**EXERCISE DESCRIPTION**
Please transcribe all of the entries exactly, leaving out any images.

[Records drawn from a dataset]

Start of Block

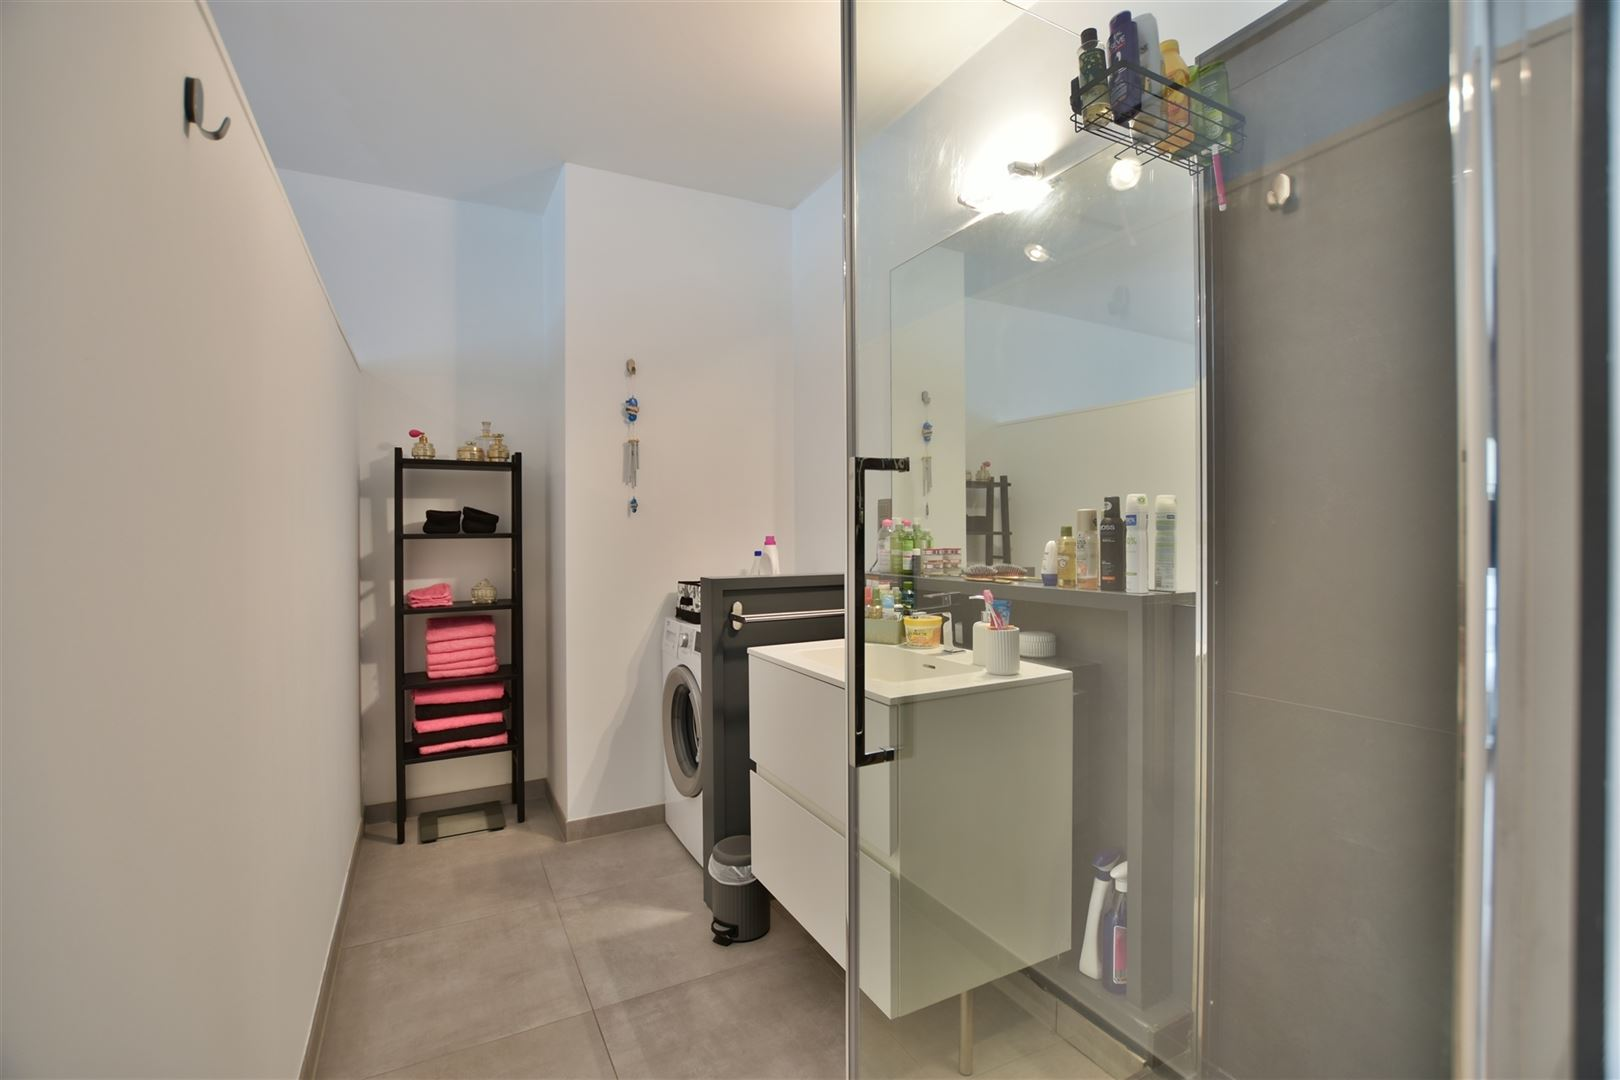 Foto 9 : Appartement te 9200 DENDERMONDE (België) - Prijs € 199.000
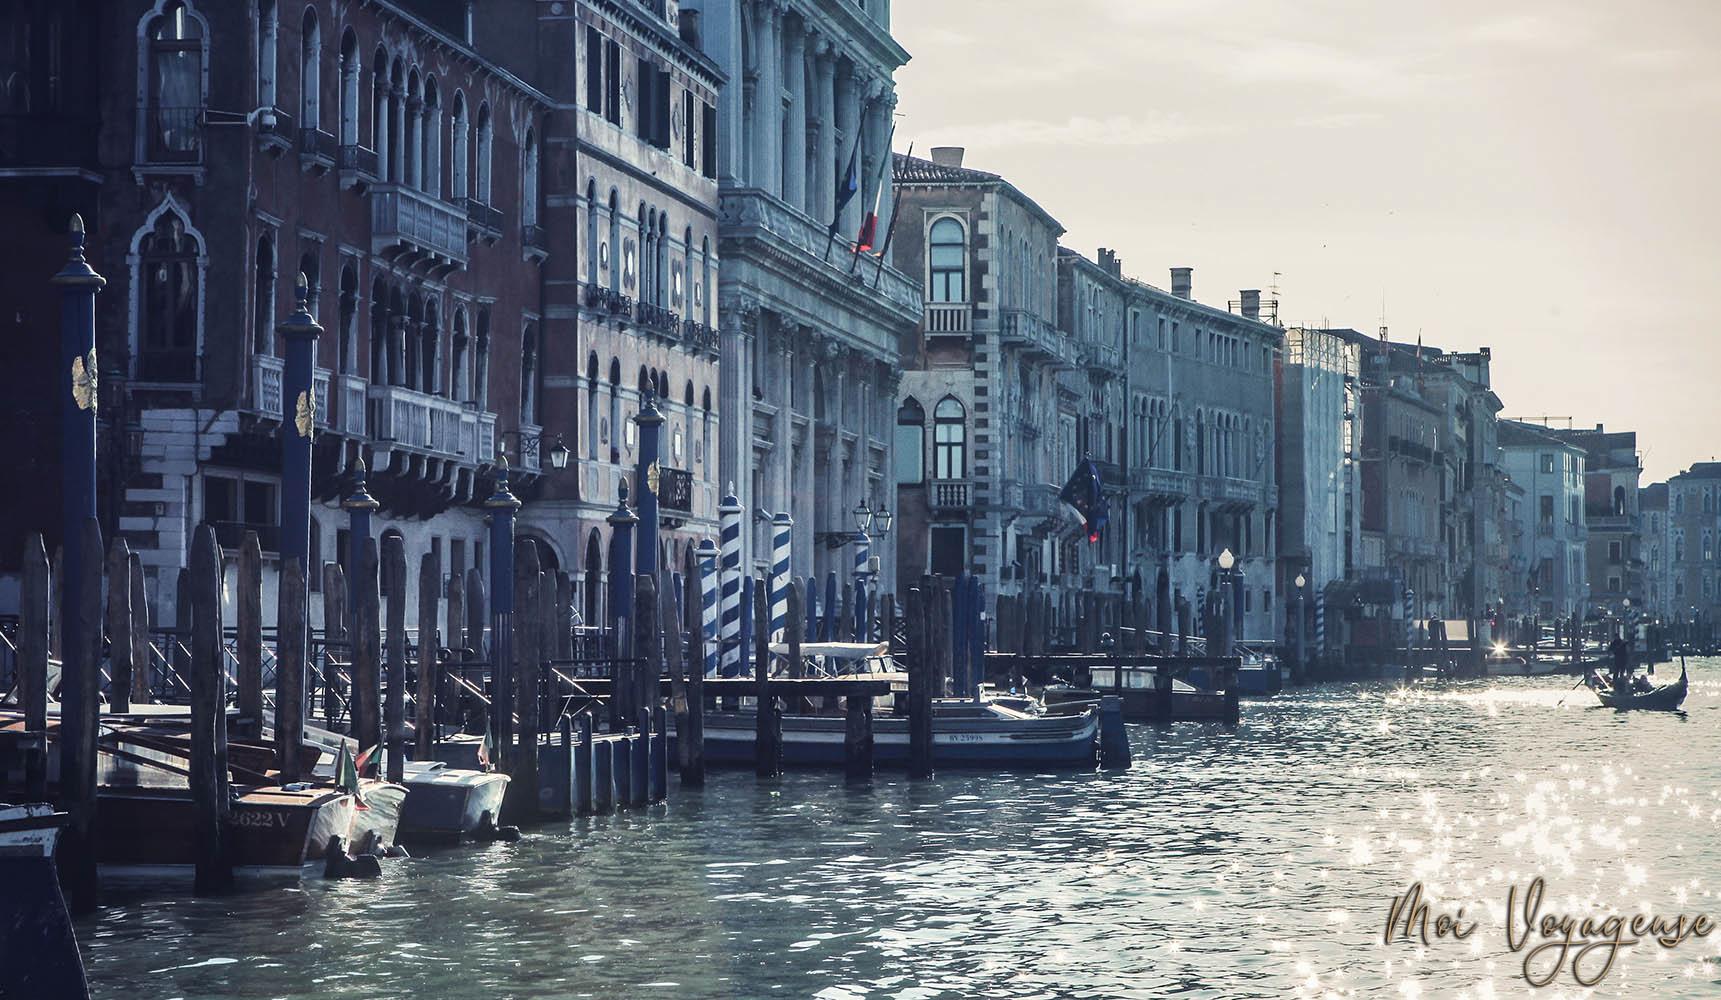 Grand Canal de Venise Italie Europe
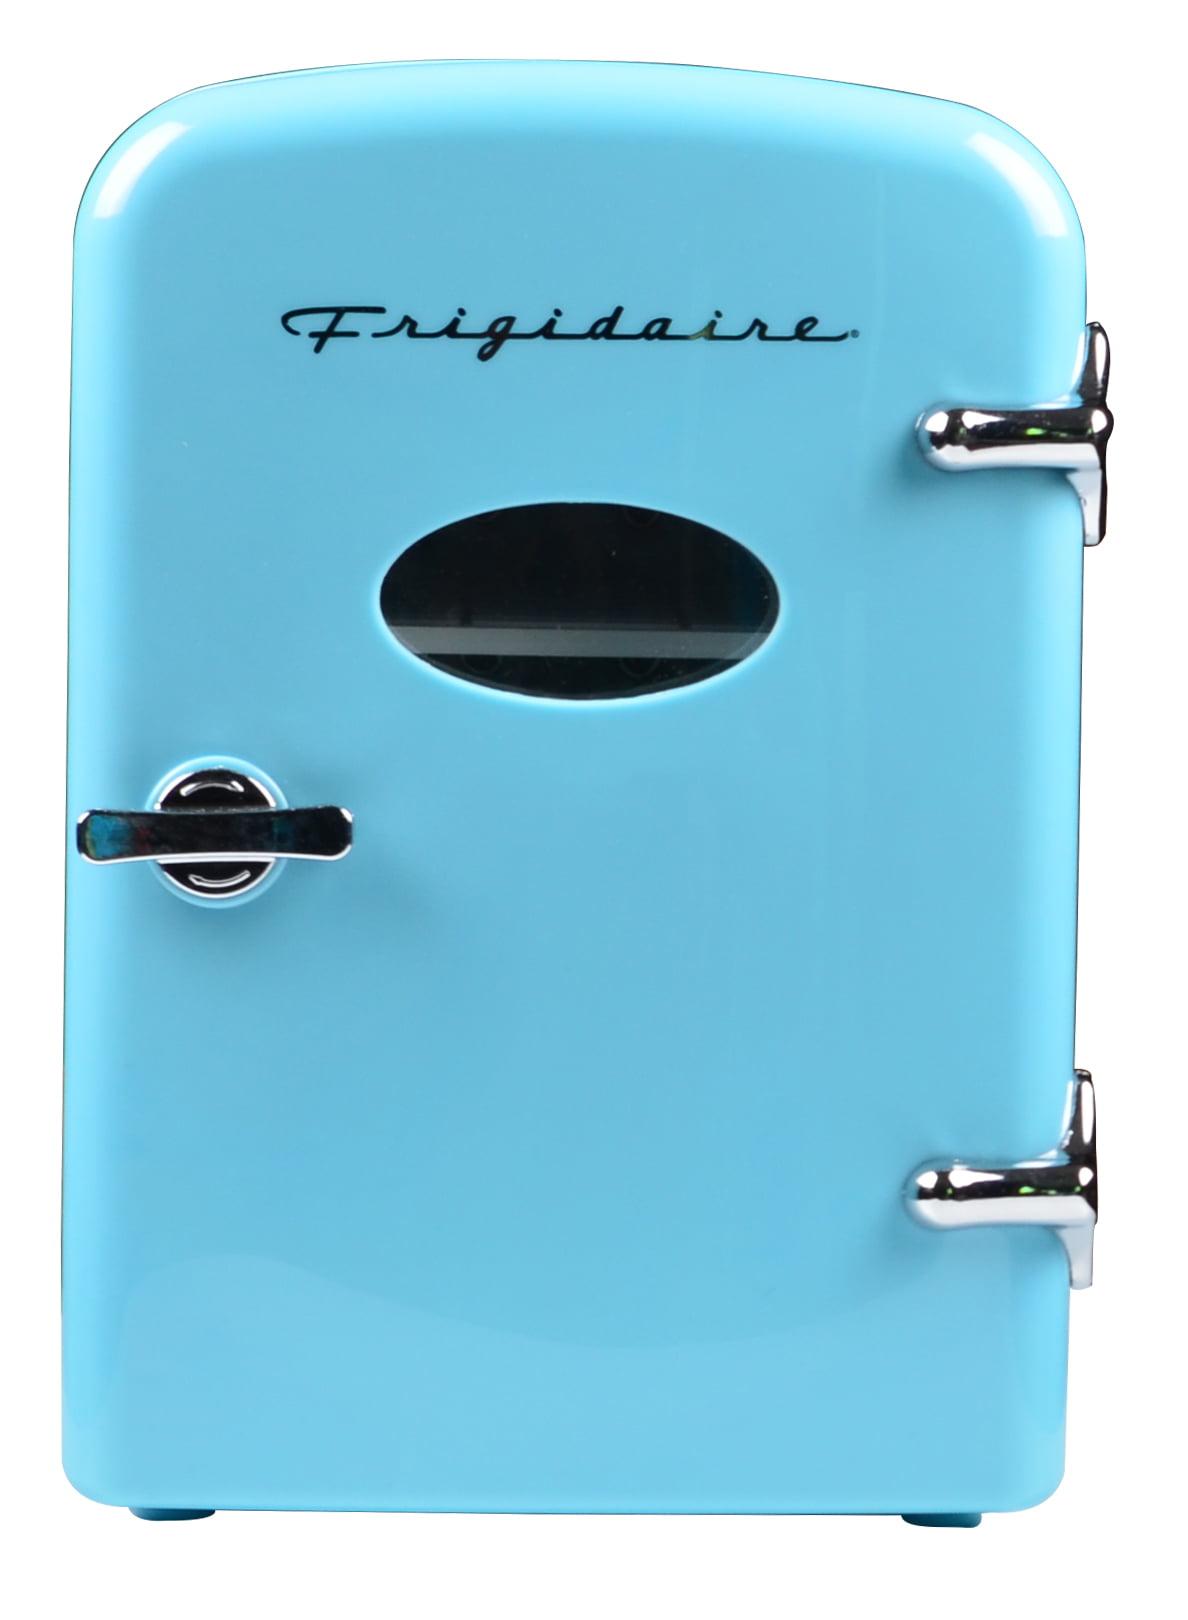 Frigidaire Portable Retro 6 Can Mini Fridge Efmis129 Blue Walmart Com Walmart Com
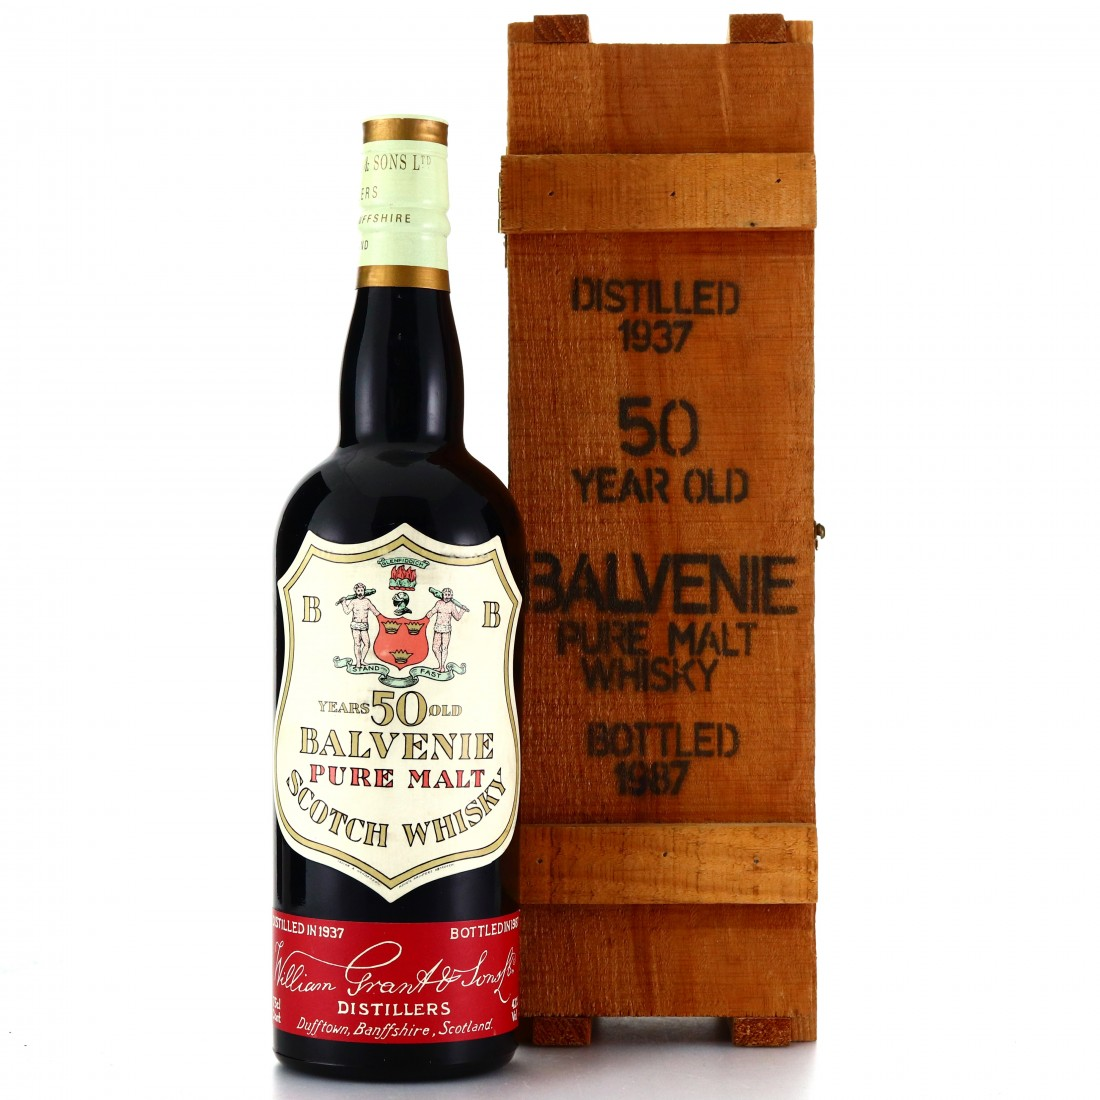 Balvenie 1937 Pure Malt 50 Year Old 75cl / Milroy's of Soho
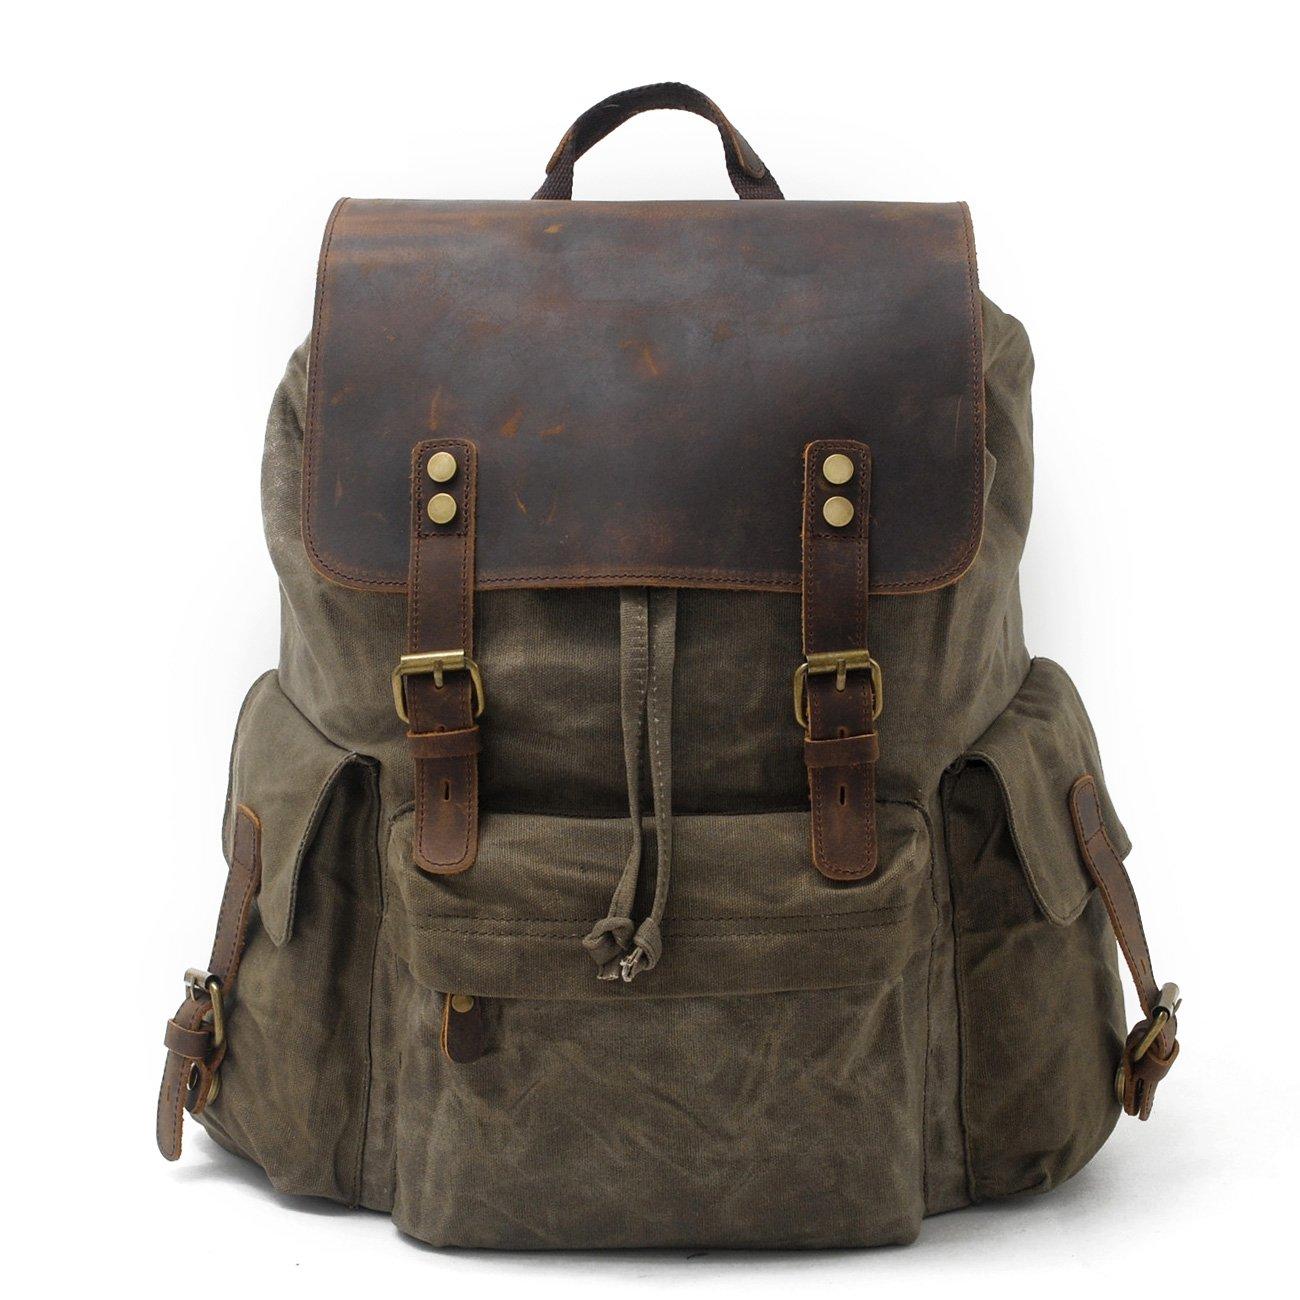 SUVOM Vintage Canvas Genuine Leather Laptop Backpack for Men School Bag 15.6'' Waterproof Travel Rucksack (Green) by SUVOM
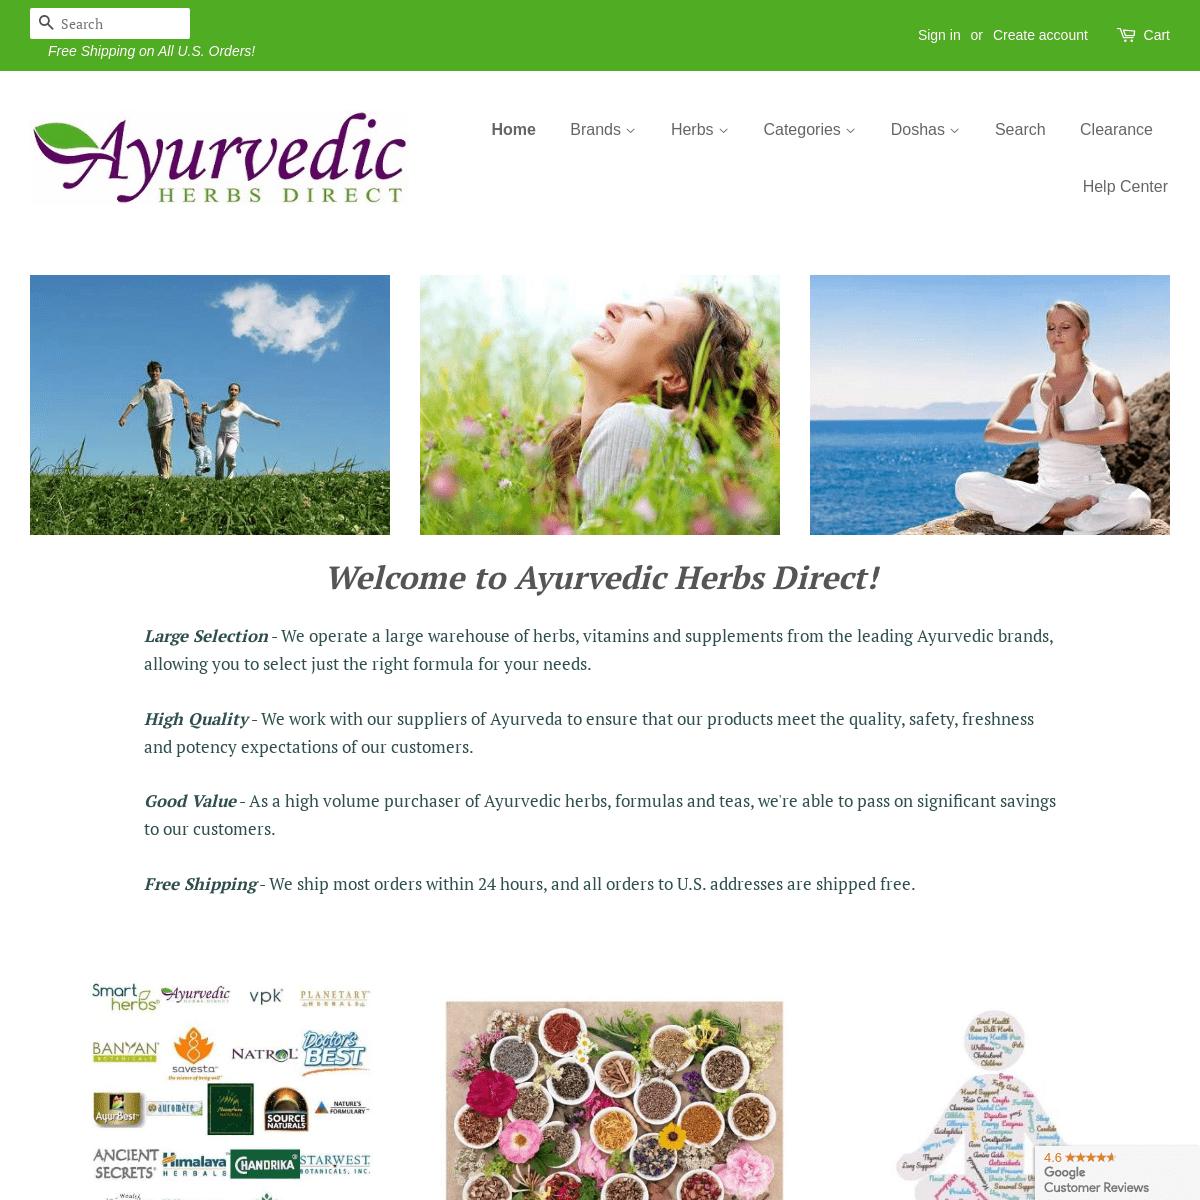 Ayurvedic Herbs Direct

End of Block

**TASK ANSWER**
 Foto 9 : Appartement te 9200 DENDERMONDE (België) - Prijs € 199.000
 Grand Canal de Venise Italie Europe
 Frigidaire Portable Retro 6 Can Mini Fridge Efmis129 Blue Walmart Com Walmart Com
 Balvenie 1937 Pure Malt 50 Year Old 75cl / Milroy's of Soho
 SUVOM Vintage Canvas Genuine Leather Laptop Backpack for Men School Bag 15.6'' Waterproof Travel Rucksack (Green) by SUVOM
 Ayurvedic Herbs Direct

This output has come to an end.